基于 RNA-seq 验证集的基因集富集分析评估。
Assessment of Gene Set Enrichment Analysis using curated RNA-seq-based benchmarks.
机构信息
Longitudinal Studies Section, Translational Gerontology Branch, National Institute on Aging, National Institutes of Health, Baltimore, MD, United States of America.
出版信息
PLoS One. 2024 May 16;19(5):e0302696. doi: 10.1371/journal.pone.0302696. eCollection 2024.
Pathway enrichment analysis is a ubiquitous computational biology method to interpret a list of genes (typically derived from the association of large-scale omics data with phenotypes of interest) in terms of higher-level, predefined gene sets that share biological function, chromosomal location, or other common features. Among many tools developed so far, Gene Set Enrichment Analysis (GSEA) stands out as one of the pioneering and most widely used methods. Although originally developed for microarray data, GSEA is nowadays extensively utilized for RNA-seq data analysis. Here, we quantitatively assessed the performance of a variety of GSEA modalities and provide guidance in the practical use of GSEA in RNA-seq experiments. We leveraged harmonized RNA-seq datasets available from The Cancer Genome Atlas (TCGA) in combination with large, curated pathway collections from the Molecular Signatures Database to obtain cancer-type-specific target pathway lists across multiple cancer types. We carried out a detailed analysis of GSEA performance using both gene-set and phenotype permutations combined with four different choices for the Kolmogorov-Smirnov enrichment statistic. Based on our benchmarks, we conclude that the classic/unweighted gene-set permutation approach offered comparable or better sensitivity-vs-specificity tradeoffs across cancer types compared with other, more complex and computationally intensive permutation methods. Finally, we analyzed other large cohorts for thyroid cancer and hepatocellular carcinoma. We utilized a new consensus metric, the Enrichment Evidence Score (EES), which showed a remarkable agreement between pathways identified in TCGA and those from other sources, despite differences in cancer etiology. This finding suggests an EES-based strategy to identify a core set of pathways that may be complemented by an expanded set of pathways for downstream exploratory analysis. This work fills the existing gap in current guidelines and benchmarks for the use of GSEA with RNA-seq data and provides a framework to enable detailed benchmarking of other RNA-seq-based pathway analysis tools.

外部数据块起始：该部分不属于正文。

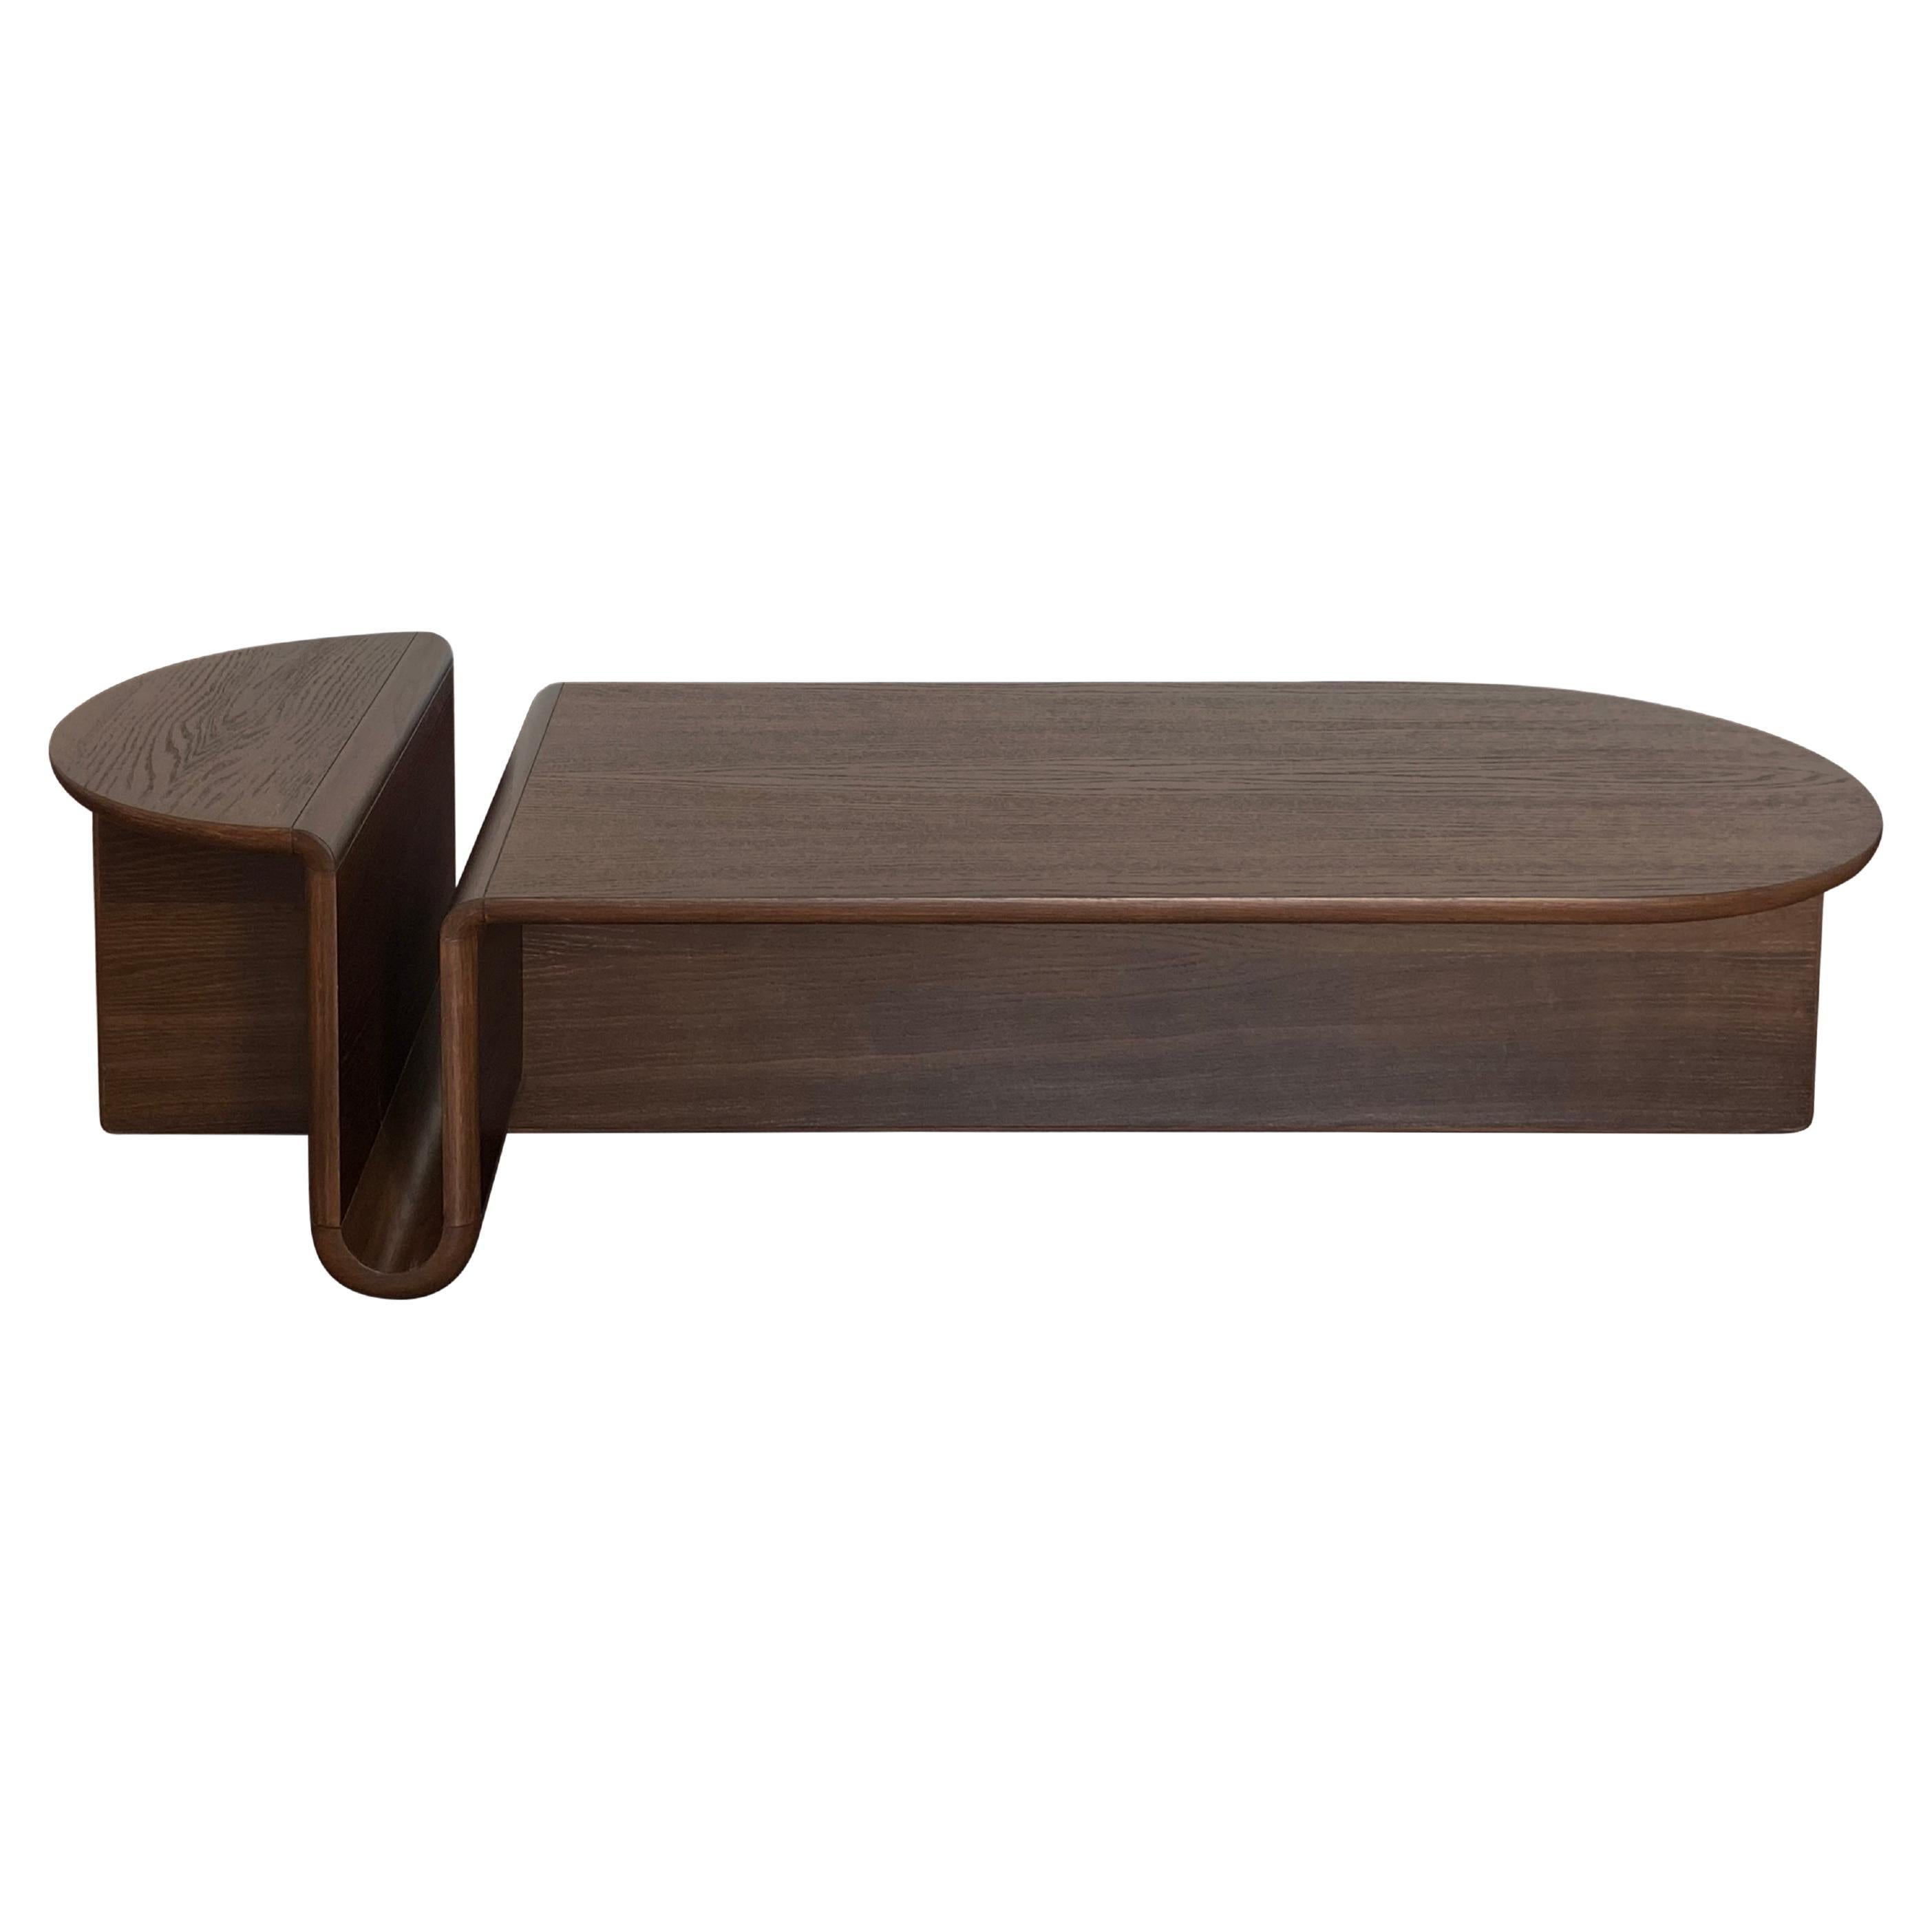 Table basse ovale Kanyon, sculpture contemporaine en bois fumé, en stock en vente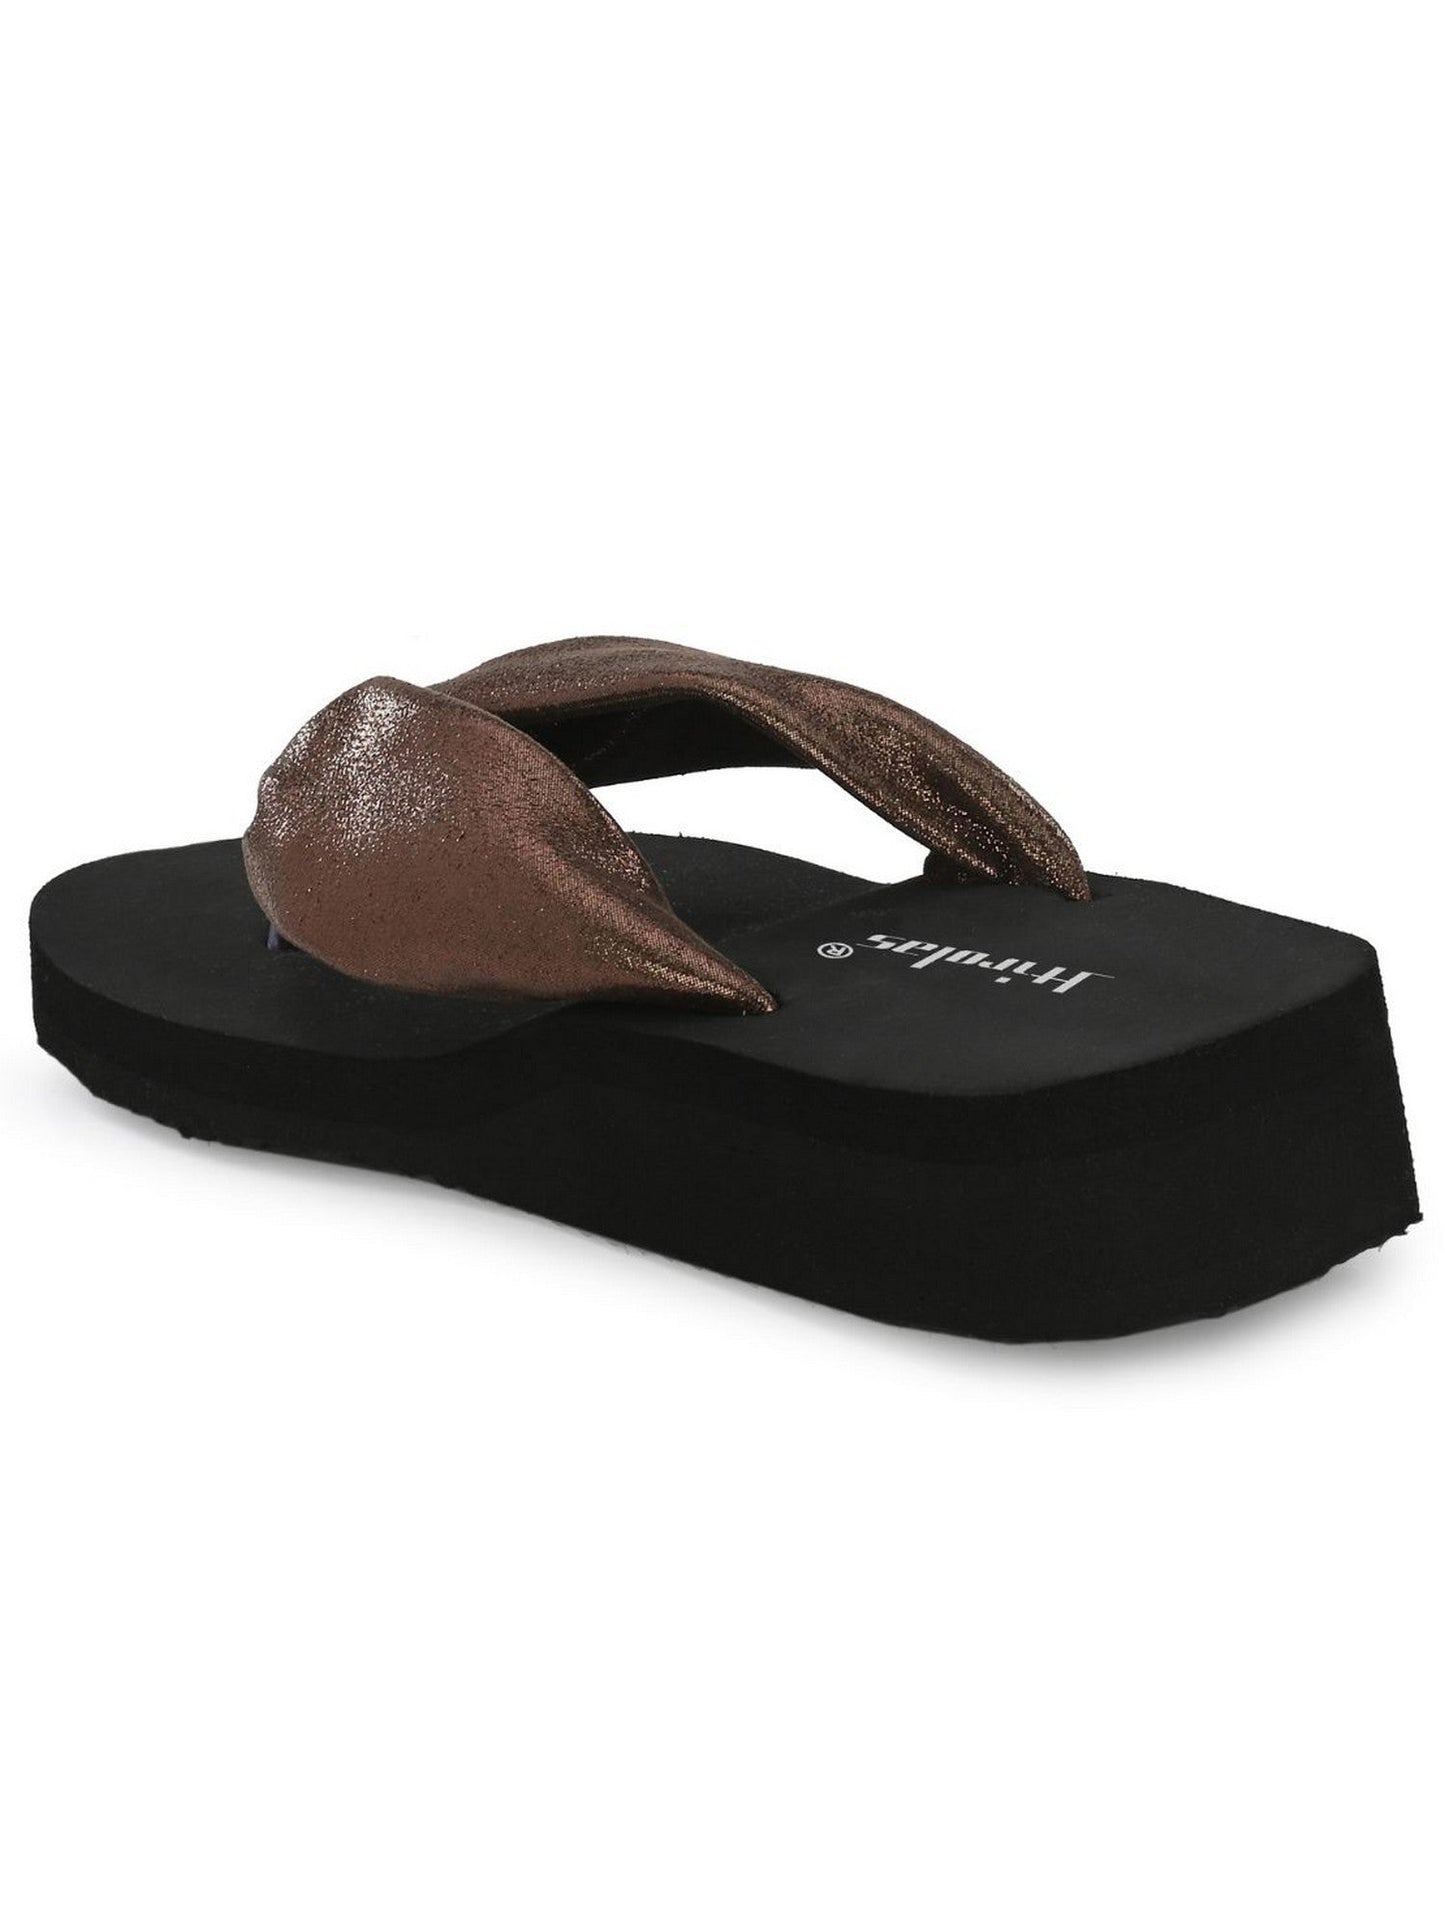 Hirolas® Women Black Copper Shimmer Thong Flip_Flops (HROWFF05BLC)

通路富集分析是一种常用的计算生物学方法,用于根据生物学功能、染色体位置或其他共同特征,将大规模组学数据与感兴趣的表型相关联而得到的基因列表(通常来源于这些基因列表),解释为更高级的预定义基因集。在迄今为止开发的众多工具中,基因集富集分析(GSEA)是最具开创性和应用最广泛的方法之一。尽管 GSEA 最初是为微阵列数据开发的,但现在已广泛用于 RNA-seq 数据分析。在这里,我们定量评估了各种 GSEA 模式的性能,并为在 RNA-seq 实验中实际使用 GSEA 提供了指导。我们利用来自癌症基因组图谱(TCGA)的协调 RNA-seq 数据集,结合来自分子特征数据库(Molecular Signatures Database)的大型、经过精心整理的途径集合,获得了多种癌症类型的癌症特异性靶向途径列表。我们使用基因集和表型置换的组合,并结合 Kolmogorov-Smirnov 富集统计量的四种不同选择,对 GSEA 性能进行了详细分析。基于我们的基准,我们得出结论,与其他更复杂和计算密集型的置换方法相比,经典/非加权基因集置换方法在癌症类型之间提供了可比或更好的敏感性-特异性权衡。最后,我们分析了甲状腺癌和肝细胞癌的其他大型队列。我们利用了一种新的共识度量标准,即富集证据评分(EES),该标准显示了 TCGA 中鉴定的途径与其他来源的途径之间的显著一致性,尽管癌症病因存在差异。这一发现表明,基于 EES 的策略可以识别一组核心途径,这些途径可以通过一组扩展的途径进行下游探索性分析来补充。这项工作填补了当前 GSEA 与 RNA-seq 数据使用指南和基准之间的空白,并为其他基于 RNA-seq 的途径分析工具的详细基准测试提供了框架。